[Stored data entries]
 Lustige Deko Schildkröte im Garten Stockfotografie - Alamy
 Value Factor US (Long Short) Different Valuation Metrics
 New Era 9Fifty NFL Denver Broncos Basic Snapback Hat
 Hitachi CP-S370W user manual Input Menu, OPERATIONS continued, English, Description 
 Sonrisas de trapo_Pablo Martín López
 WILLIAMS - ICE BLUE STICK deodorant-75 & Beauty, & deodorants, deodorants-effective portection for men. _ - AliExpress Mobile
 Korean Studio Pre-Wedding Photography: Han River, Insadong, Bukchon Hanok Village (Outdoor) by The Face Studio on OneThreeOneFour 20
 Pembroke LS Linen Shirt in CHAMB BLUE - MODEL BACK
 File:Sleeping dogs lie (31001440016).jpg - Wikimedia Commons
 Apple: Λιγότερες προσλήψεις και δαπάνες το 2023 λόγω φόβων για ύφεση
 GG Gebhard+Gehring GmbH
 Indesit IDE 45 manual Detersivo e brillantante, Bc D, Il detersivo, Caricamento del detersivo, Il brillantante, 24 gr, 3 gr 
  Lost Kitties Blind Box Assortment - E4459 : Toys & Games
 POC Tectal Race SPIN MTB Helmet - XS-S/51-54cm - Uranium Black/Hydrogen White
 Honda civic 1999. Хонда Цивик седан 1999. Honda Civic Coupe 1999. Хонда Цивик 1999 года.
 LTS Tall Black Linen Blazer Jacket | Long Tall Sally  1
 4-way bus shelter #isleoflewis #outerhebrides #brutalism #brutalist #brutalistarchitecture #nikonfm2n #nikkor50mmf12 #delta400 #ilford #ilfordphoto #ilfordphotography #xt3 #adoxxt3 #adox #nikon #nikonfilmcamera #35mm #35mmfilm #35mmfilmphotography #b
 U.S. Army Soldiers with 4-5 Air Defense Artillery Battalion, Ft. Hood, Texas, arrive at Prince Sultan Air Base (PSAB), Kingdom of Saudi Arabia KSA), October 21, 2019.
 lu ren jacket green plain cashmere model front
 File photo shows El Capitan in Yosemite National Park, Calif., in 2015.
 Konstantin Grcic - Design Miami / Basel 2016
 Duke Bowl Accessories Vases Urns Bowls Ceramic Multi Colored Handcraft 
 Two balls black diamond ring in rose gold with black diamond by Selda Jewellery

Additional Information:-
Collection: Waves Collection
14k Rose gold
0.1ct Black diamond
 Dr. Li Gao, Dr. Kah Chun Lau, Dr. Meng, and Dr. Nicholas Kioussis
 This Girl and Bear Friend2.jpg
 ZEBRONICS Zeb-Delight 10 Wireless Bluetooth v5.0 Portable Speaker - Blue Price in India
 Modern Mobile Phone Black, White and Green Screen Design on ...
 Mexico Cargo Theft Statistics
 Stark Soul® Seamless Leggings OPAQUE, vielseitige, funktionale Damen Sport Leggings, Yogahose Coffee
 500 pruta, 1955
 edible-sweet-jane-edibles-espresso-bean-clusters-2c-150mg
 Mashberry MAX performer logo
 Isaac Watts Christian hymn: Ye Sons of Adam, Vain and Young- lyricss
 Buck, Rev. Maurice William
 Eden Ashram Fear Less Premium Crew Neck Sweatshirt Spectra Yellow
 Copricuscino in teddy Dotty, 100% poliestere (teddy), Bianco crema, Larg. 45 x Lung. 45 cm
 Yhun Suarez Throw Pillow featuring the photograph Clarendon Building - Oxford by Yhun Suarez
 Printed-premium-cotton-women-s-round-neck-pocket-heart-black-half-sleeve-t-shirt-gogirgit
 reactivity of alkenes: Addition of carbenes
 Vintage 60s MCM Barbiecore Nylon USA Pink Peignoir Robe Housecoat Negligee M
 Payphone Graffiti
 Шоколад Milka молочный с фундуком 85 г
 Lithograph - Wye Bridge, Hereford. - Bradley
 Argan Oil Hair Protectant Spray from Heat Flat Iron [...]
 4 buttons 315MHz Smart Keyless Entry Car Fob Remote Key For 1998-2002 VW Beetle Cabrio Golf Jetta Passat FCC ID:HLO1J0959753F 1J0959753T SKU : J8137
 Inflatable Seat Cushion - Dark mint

* **TASK BRIEF**:
Could you reproduce exactly the lines of the entries above, from the one with "Stark Soul® Seamless" through the one with "Copricuscino in teddy", and nothing else?

* **ANSWER FOR THIS EXERCISE**:
 Stark Soul® Seamless Leggings OPAQUE, vielseitige, funktionale Damen Sport Leggings, Yogahose Coffee
 500 pruta, 1955
 edible-sweet-jane-edibles-espresso-bean-clusters-2c-150mg
 Mashberry MAX performer logo
 Isaac Watts Christian hymn: Ye Sons of Adam, Vain and Young- lyricss
 Buck, Rev. Maurice William
 Eden Ashram Fear Less Premium Crew Neck Sweatshirt Spectra Yellow
 Copricuscino in teddy Dotty, 100% poliestere (teddy), Bianco crema, Larg. 45 x Lung. 45 cm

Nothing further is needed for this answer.